**DATA BELOW:**
▬▬▬▬▬▬

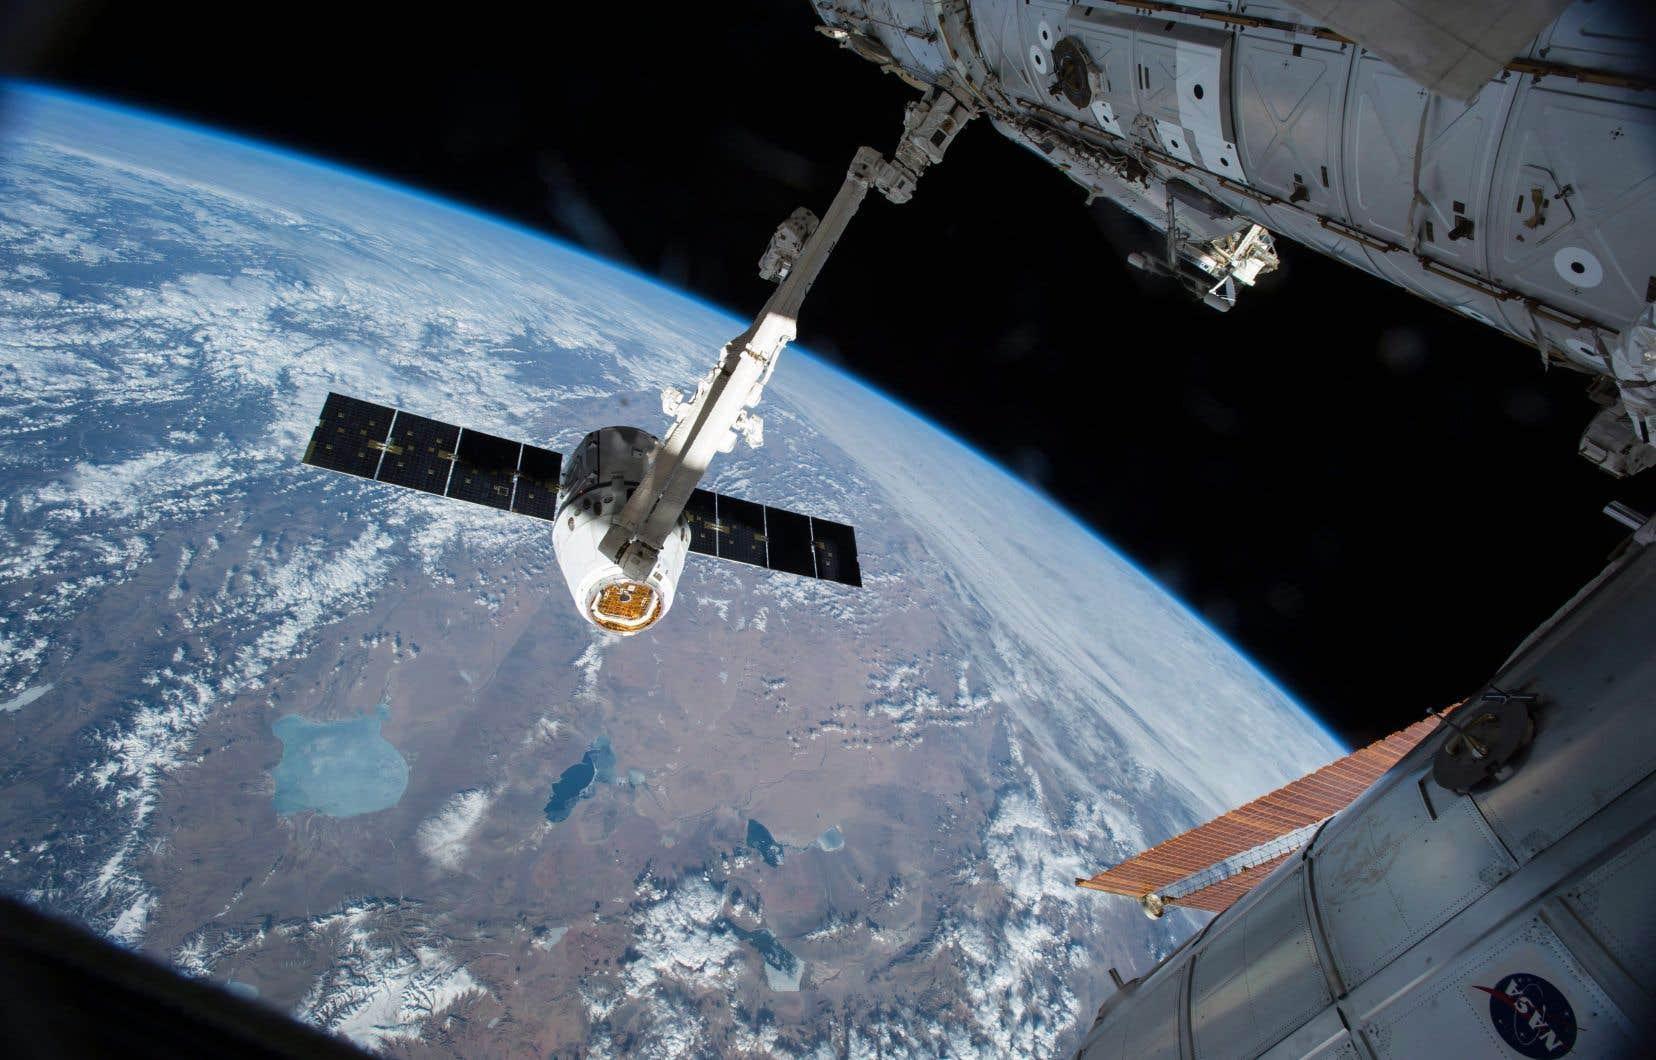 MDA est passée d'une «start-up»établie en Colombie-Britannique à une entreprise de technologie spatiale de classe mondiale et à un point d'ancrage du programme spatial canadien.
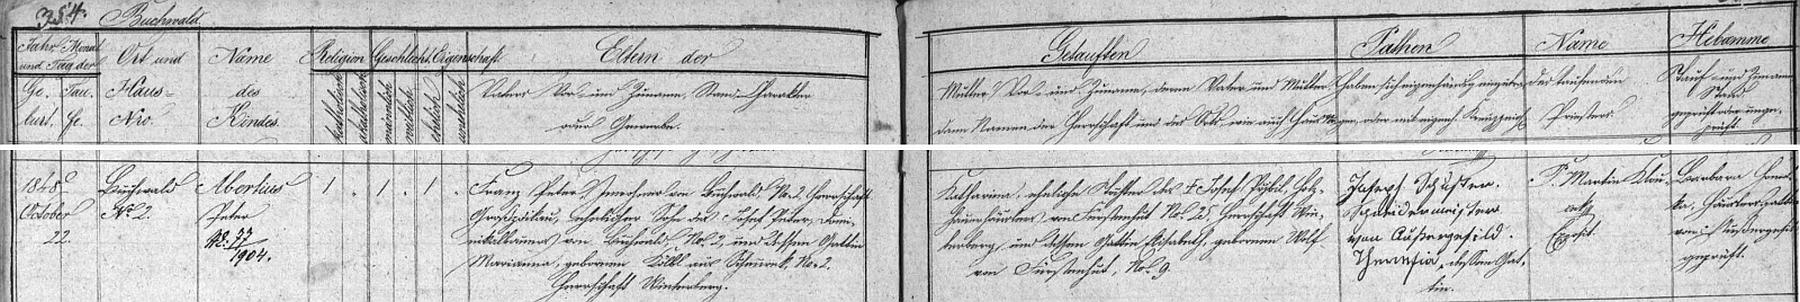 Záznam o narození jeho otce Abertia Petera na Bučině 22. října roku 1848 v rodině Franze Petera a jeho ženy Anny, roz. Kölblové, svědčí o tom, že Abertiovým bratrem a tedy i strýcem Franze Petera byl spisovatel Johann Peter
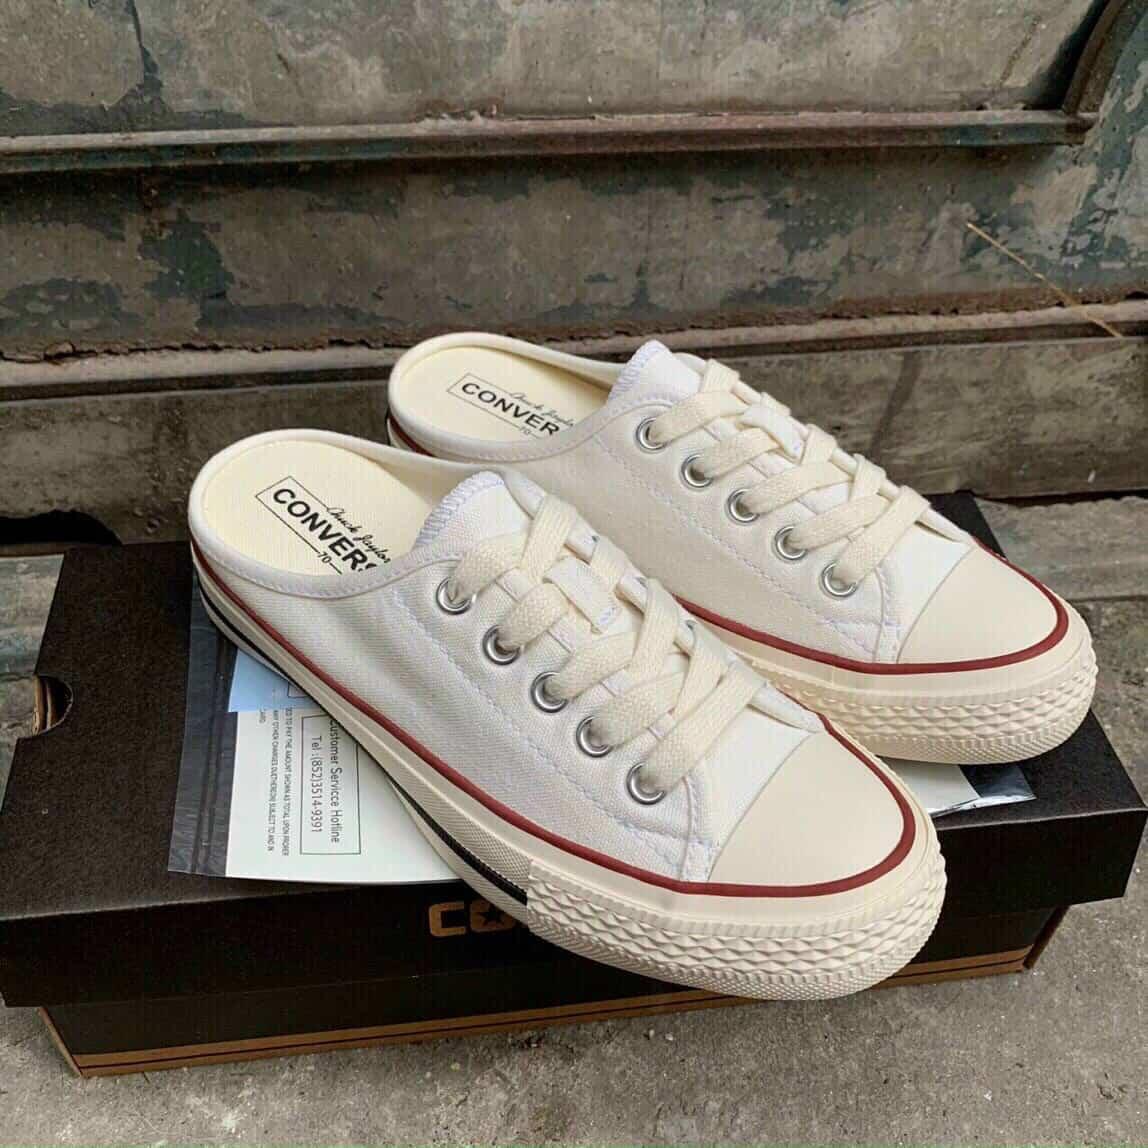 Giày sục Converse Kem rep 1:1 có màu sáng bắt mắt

▬▬▬▬▬▬

**PROBLEM STATEMENT:**
For each line above, output its wording exactly and leave out any picture.

**TASK RESPONSE:**
 MDA est passée d'une «start-up»établie en Colombie-Britannique à une entreprise de technologie spatiale de classe mondiale et à un point d'ancrage du programme spatial canadien.
 Záznam o narození jeho otce Abertia Petera na Bučině 22. října roku 1848 v rodině Franze Petera a jeho ženy Anny, roz. Kölblové, svědčí o tom, že Abertiovým bratrem a tedy i strýcem Franze Petera byl spisovatel Johann Peter
 Giày sục Converse Kem rep 1:1 có màu sáng bắt mắt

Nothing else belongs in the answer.